WHAT YOU SHOULD DO: Could you set down the listing below exactly, leaving out its pictures?

───── MATERIAL PROVIDED

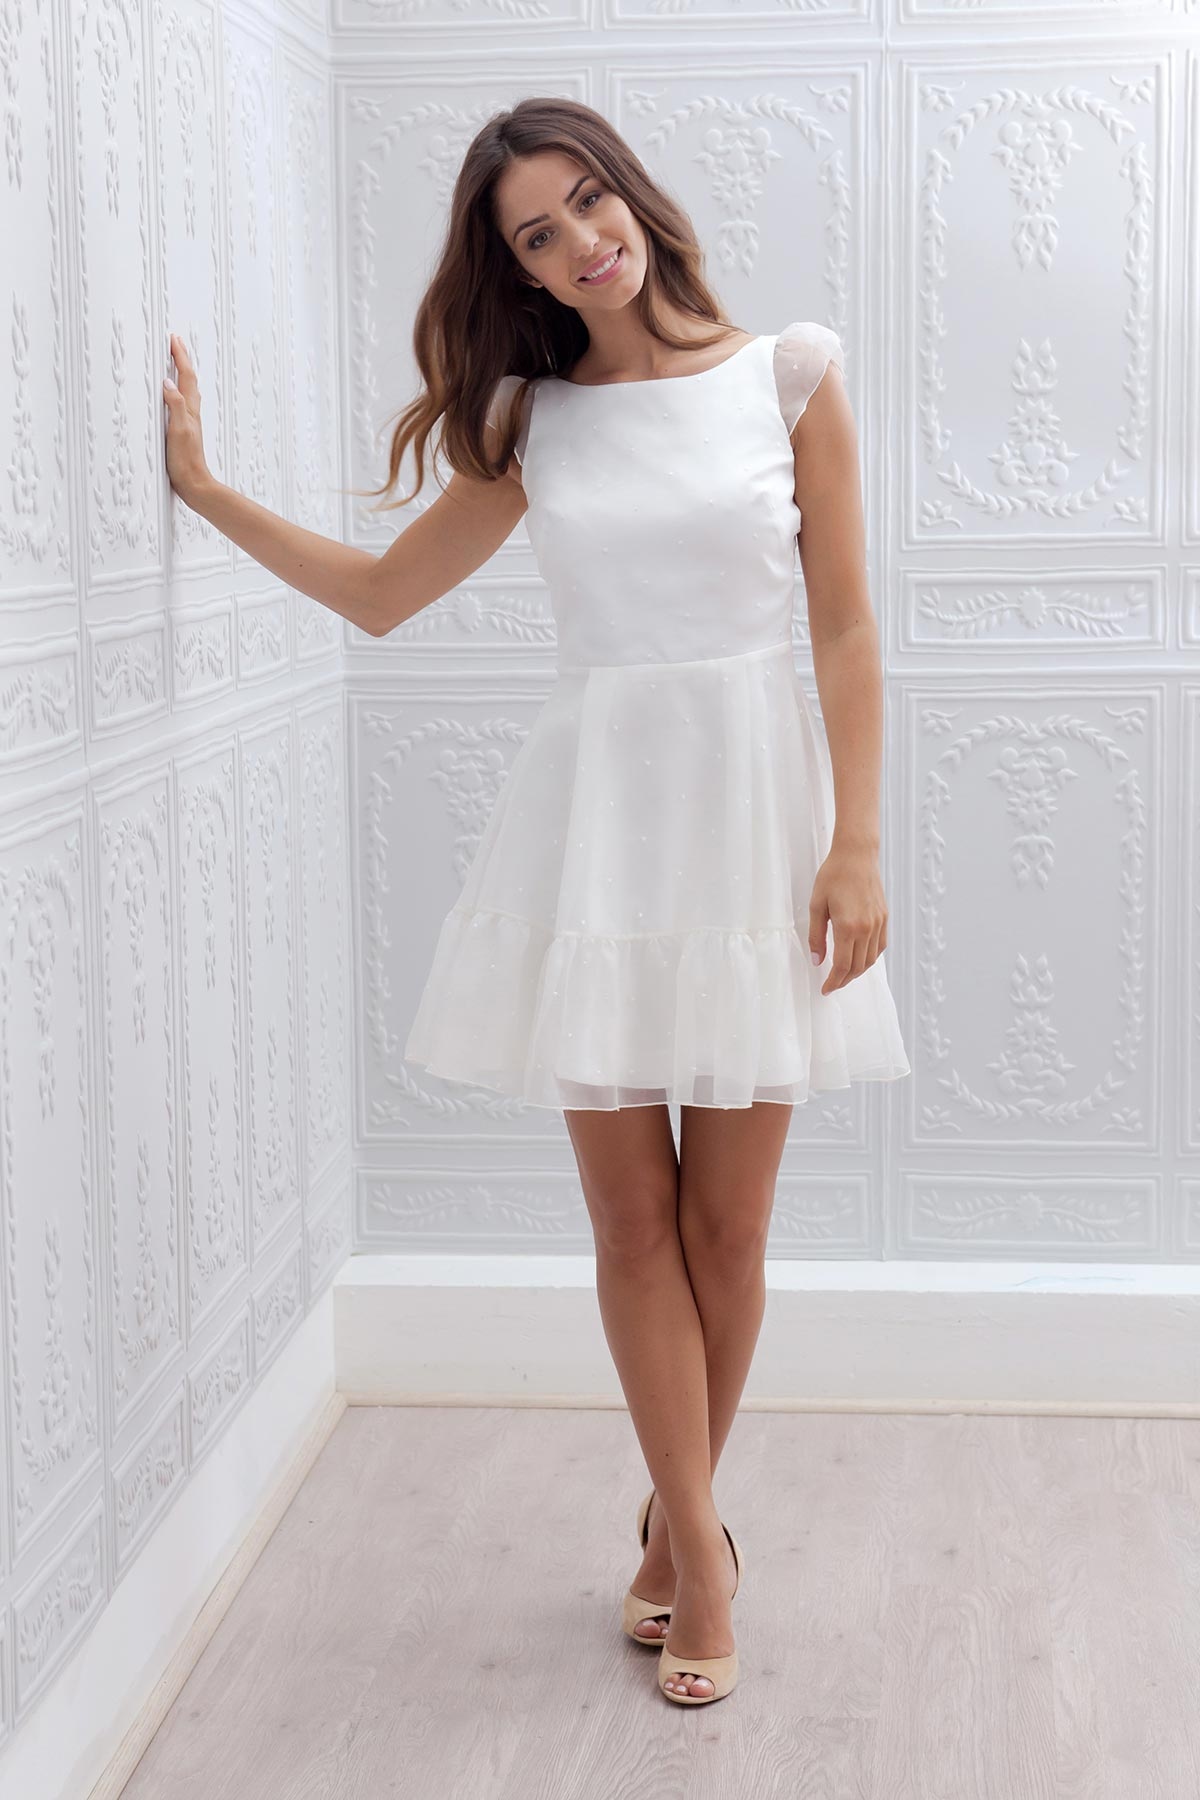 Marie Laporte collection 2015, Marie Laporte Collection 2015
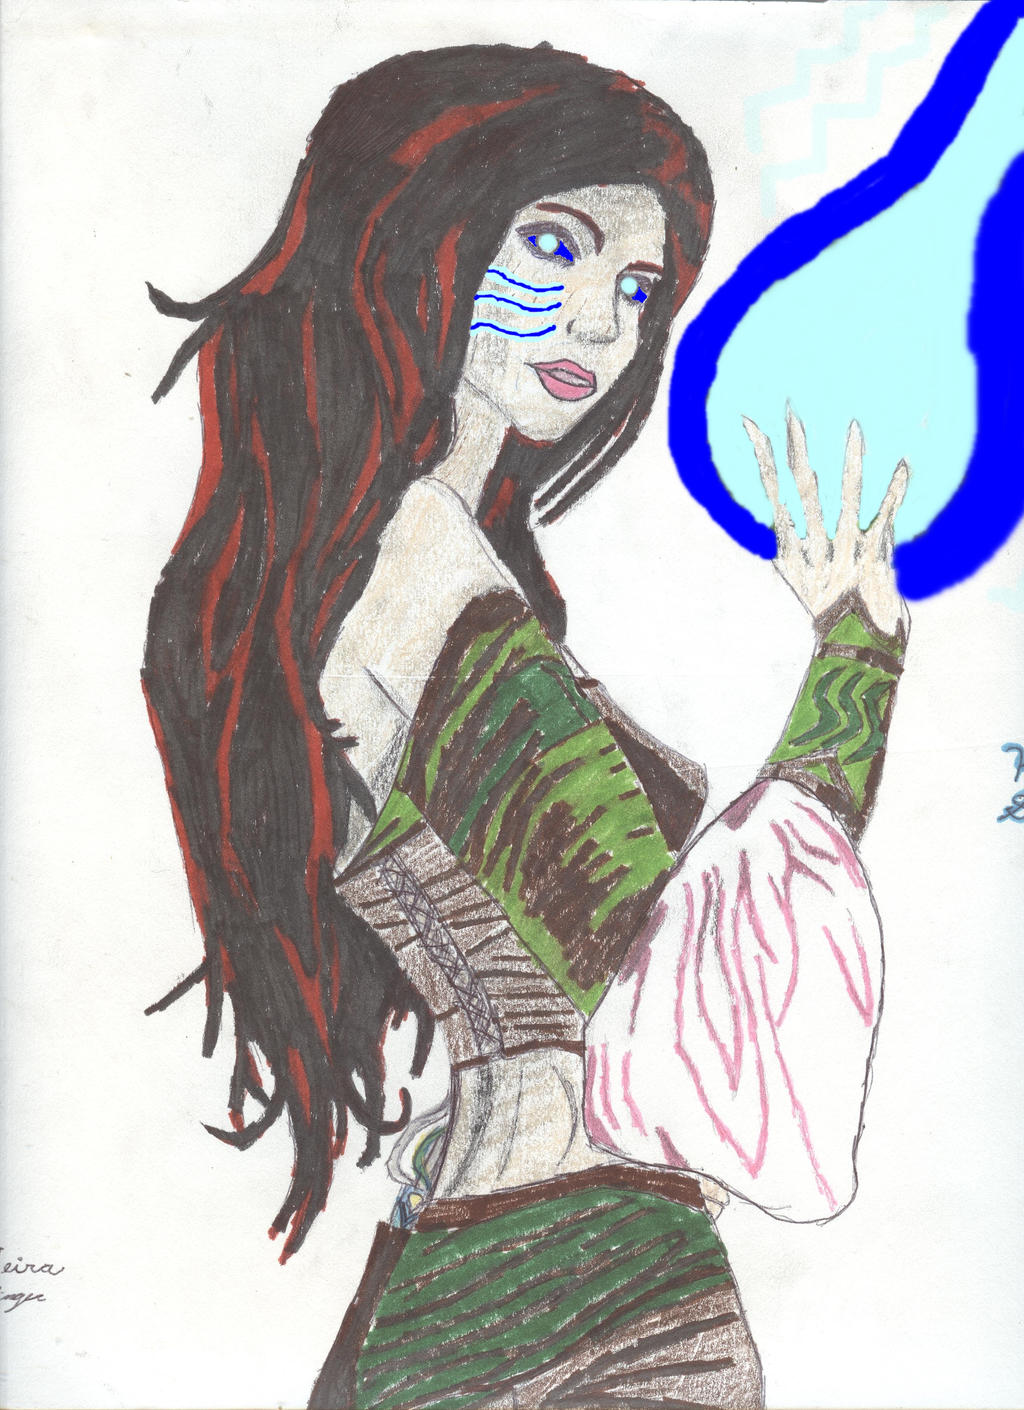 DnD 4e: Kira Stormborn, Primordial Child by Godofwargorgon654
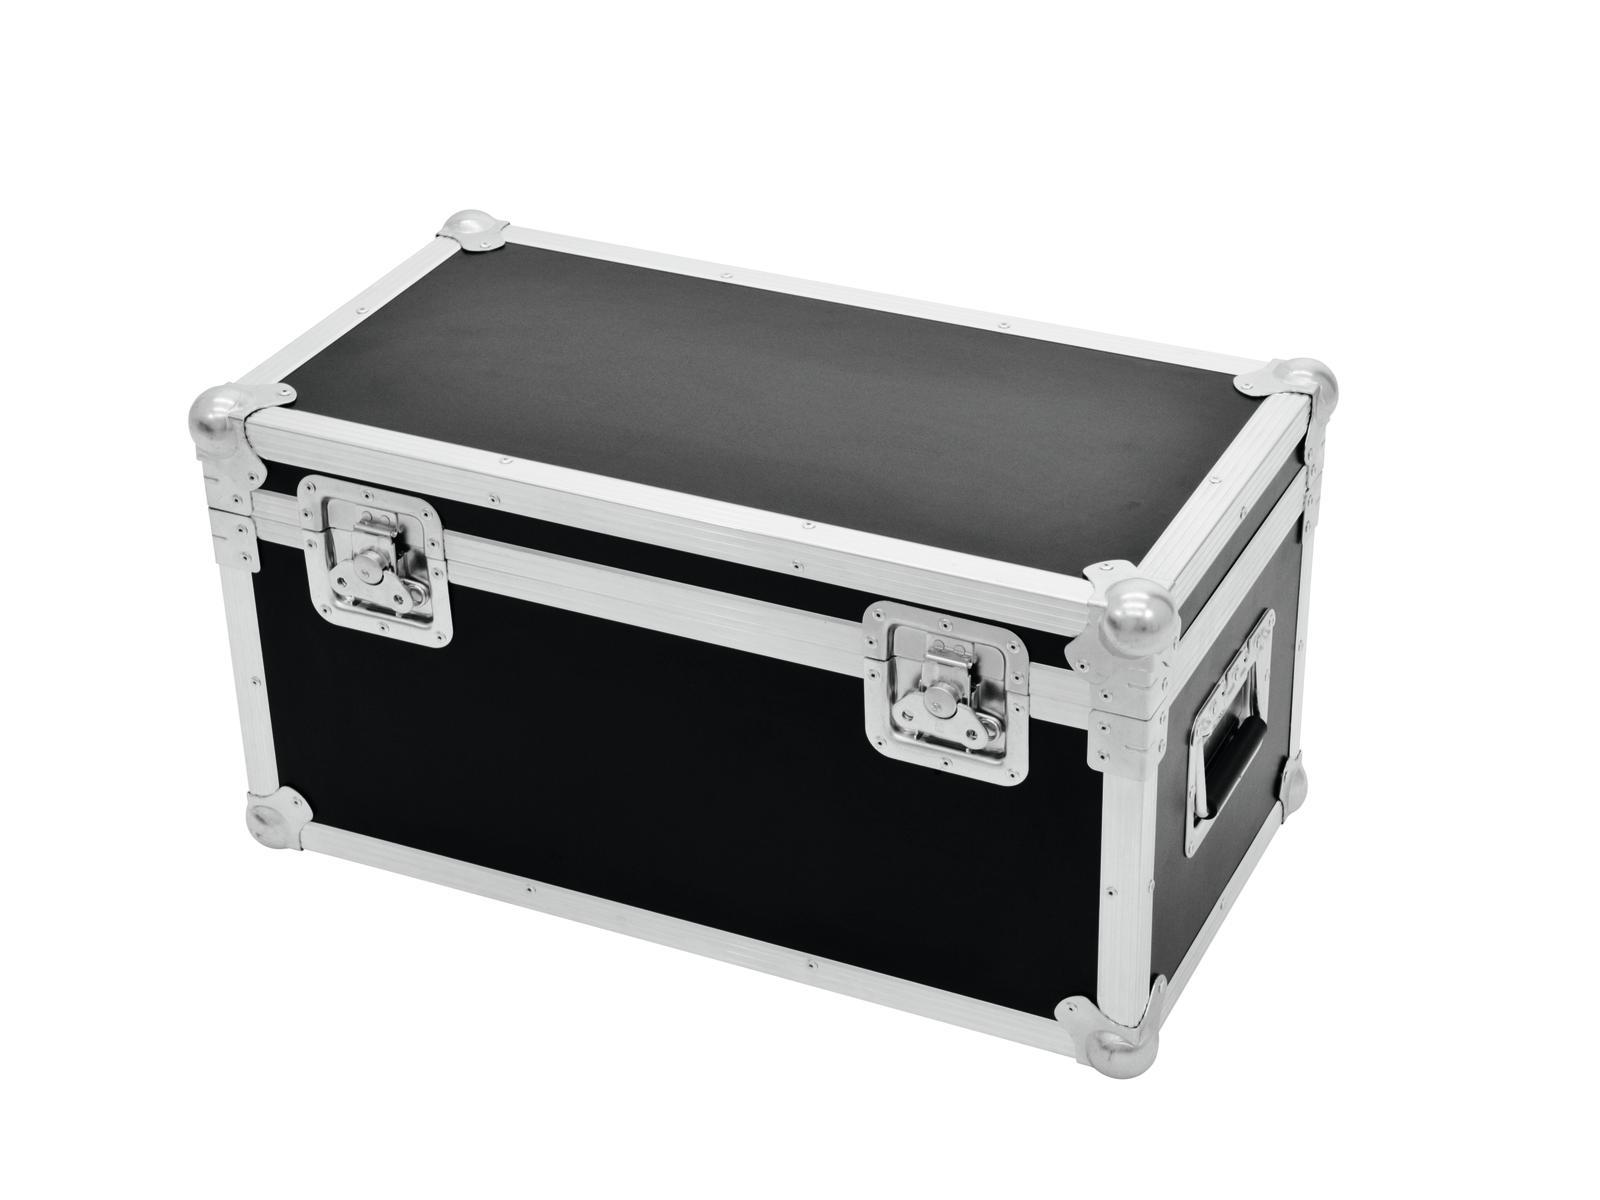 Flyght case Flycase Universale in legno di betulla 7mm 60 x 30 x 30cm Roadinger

──────────

THE ANSWER:
 Marie Laporte collection 2015, Marie Laporte Collection 2015
 DnD 4e: Kira Stormborn, Primordial Child by Godofwargorgon654
 Flyght case Flycase Universale in legno di betulla 7mm 60 x 30 x 30cm Roadinger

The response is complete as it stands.